Un articolo scientifico è salito agli onori della cronaca per aver ricevuto quasi 400 citazioni in altrettanti studi. C'è un solo problema: non è mai stato scritto. La vicenda della fonte bibliografica fantasma è stata notata la prima volta da Pieter Kroonenberg, professore emerito di Statistica dell'Università di Leida, Olanda, e risolta dalla collega Anne-Wil Harzing (che ne ha scritto in questo post).
Sfogliando il manuale di stile destinato agli autori dell'editore scientifico Elsevier, Kroonenberg ha trovato la citazione:
I primi indizi. Qualcosa gli è sembrato da subito strano: conosceva un John Van de Geer, ma non sapeva che oltre ad essere un esperto di psicologia sperimentale desse anche lezioni sull'arte di scrivere articoli scientifici. Poi si è accorto dell'errore di spelling: il suo collega si chiama Van de Geer e non Van der Geer, come indicato nella citazione. E poi, la rivista: esiste un Journal of Science Communication, ma si scrive senza la "s" finale.
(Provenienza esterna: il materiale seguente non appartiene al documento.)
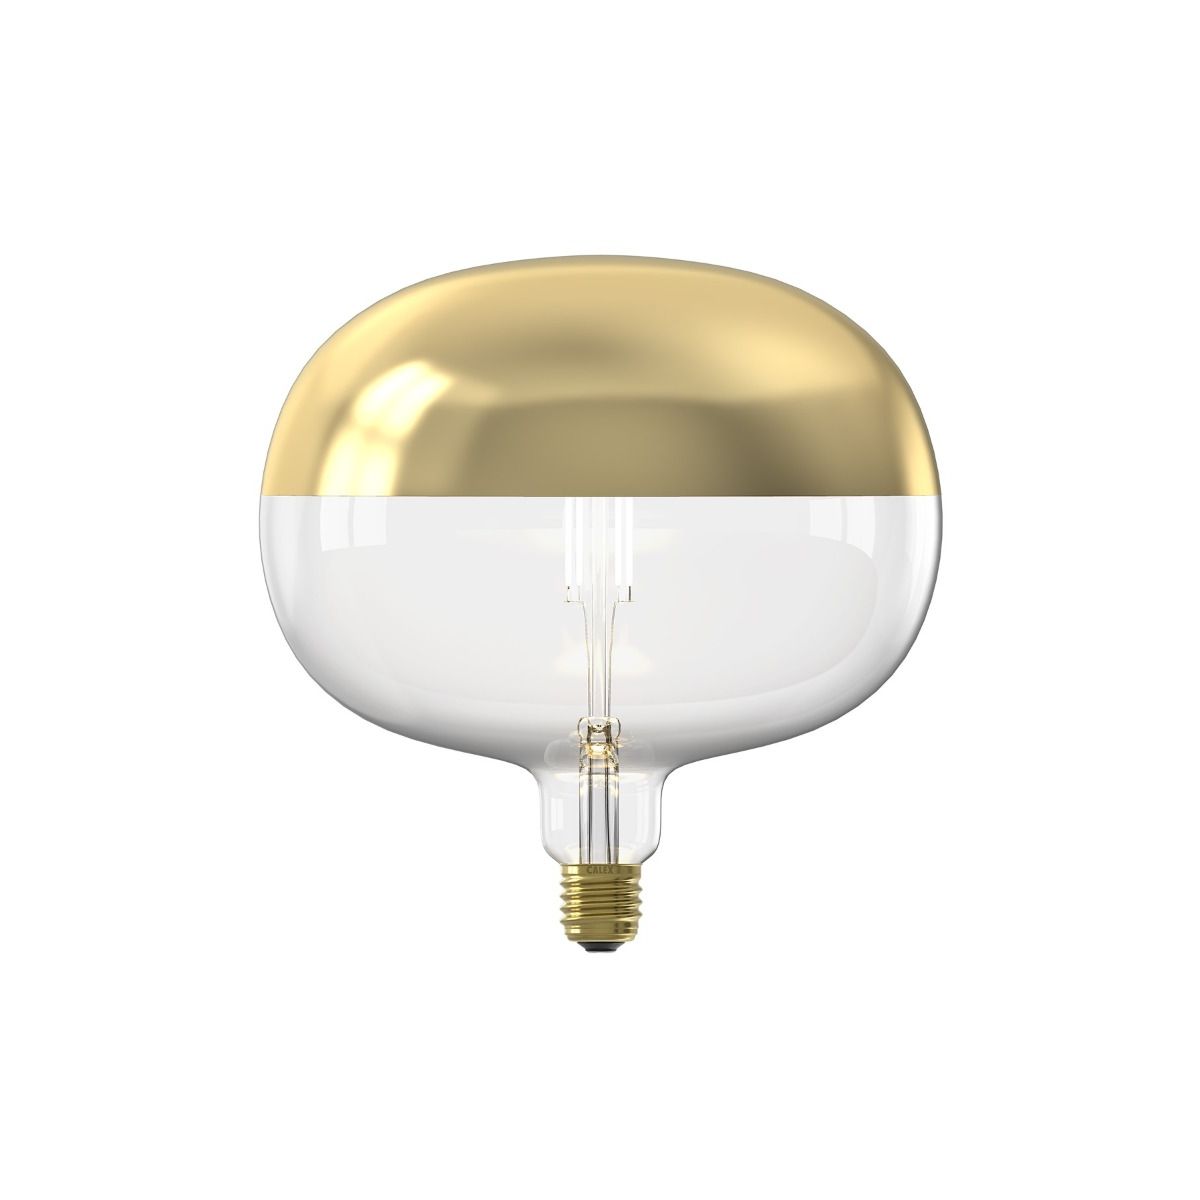 Retoucheren op tijd reparatie Calex Boden Top Mirror LED lamp - Ø 22 x 22,5 cm - E27 - 6W dimbaar - 1800K  - goud | Lichtkoning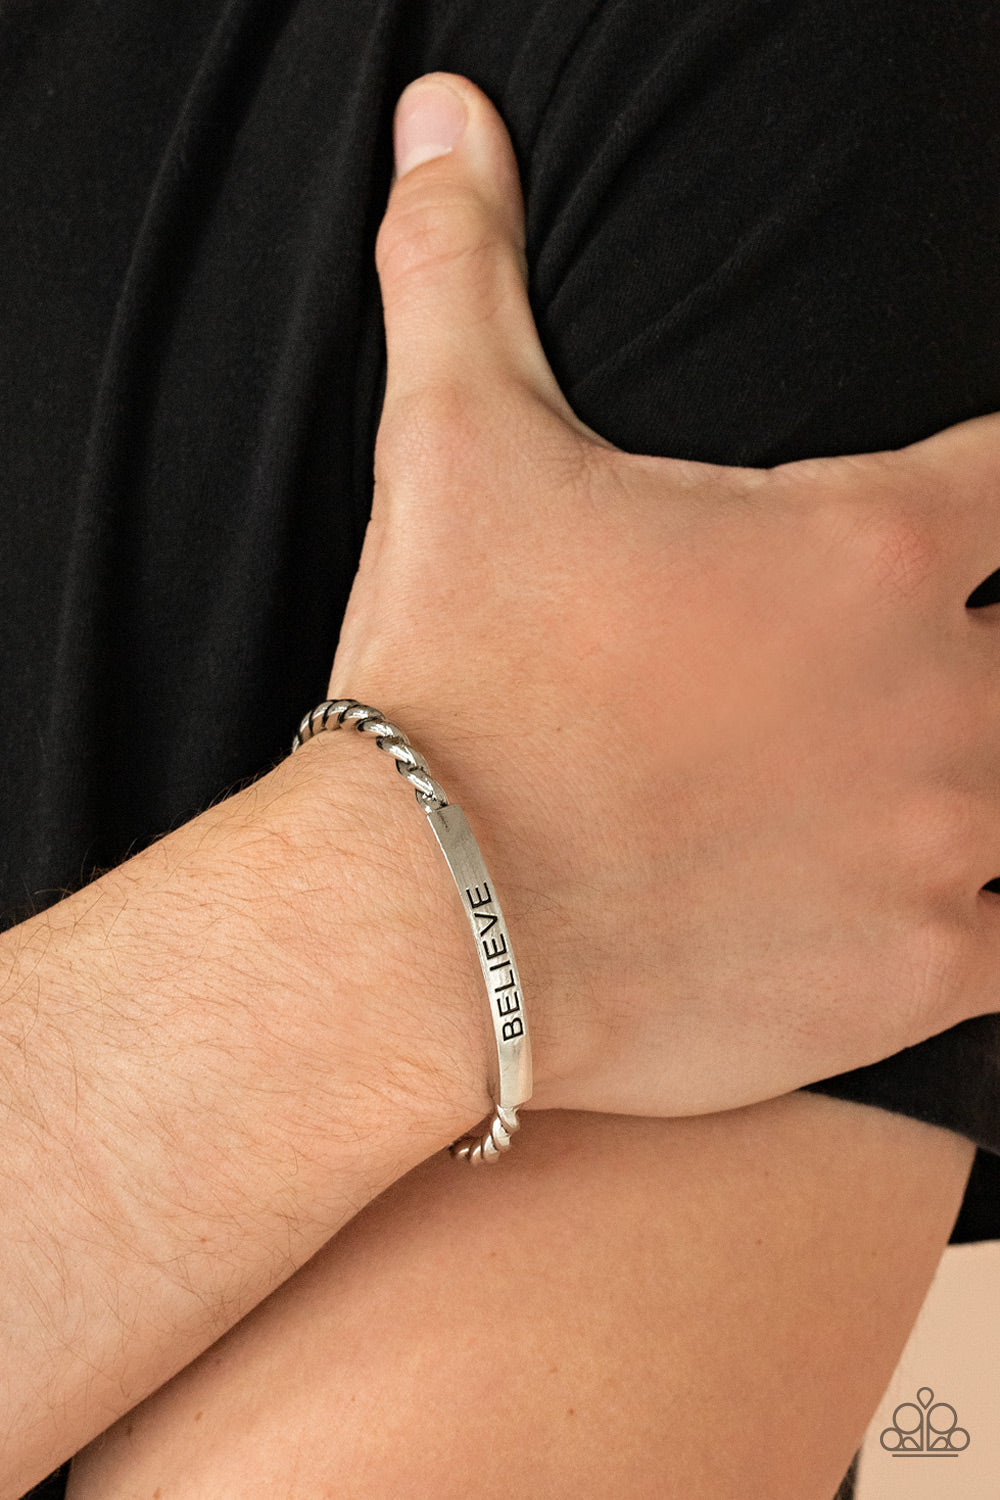 Paparazzi Keep Calm and Believe - Silver - Inspirational Bracelet - $5 Jewelry with Ashley Swint

Dopo avere cercato invano il "paper" si è accorto che non esisteva. Ciò nonostante, dalle ricerche su Google Scholar risultava citato in quasi 400 altri articoli (soprattutto di Paesi con poca dimestichezza con la lingua inglese). Come era stato possibile?
Dimenticato. La spiegazione è semplice e disarmante: quello sulla guida dell'editore Elsevier era un esempio, un facsimile di citazione bibliografica da usare come modello a cui uniformare le proprie. Gli autori distratti l'hanno copiato e incollato nella bibliografia per imitarne la formattazione, e poi si sono dimenticati di toglierlo. Il caso è stato diffuso come esempio della poca accuratezza - anche in termini di editing - di alcune pubblicazioni scientifiche.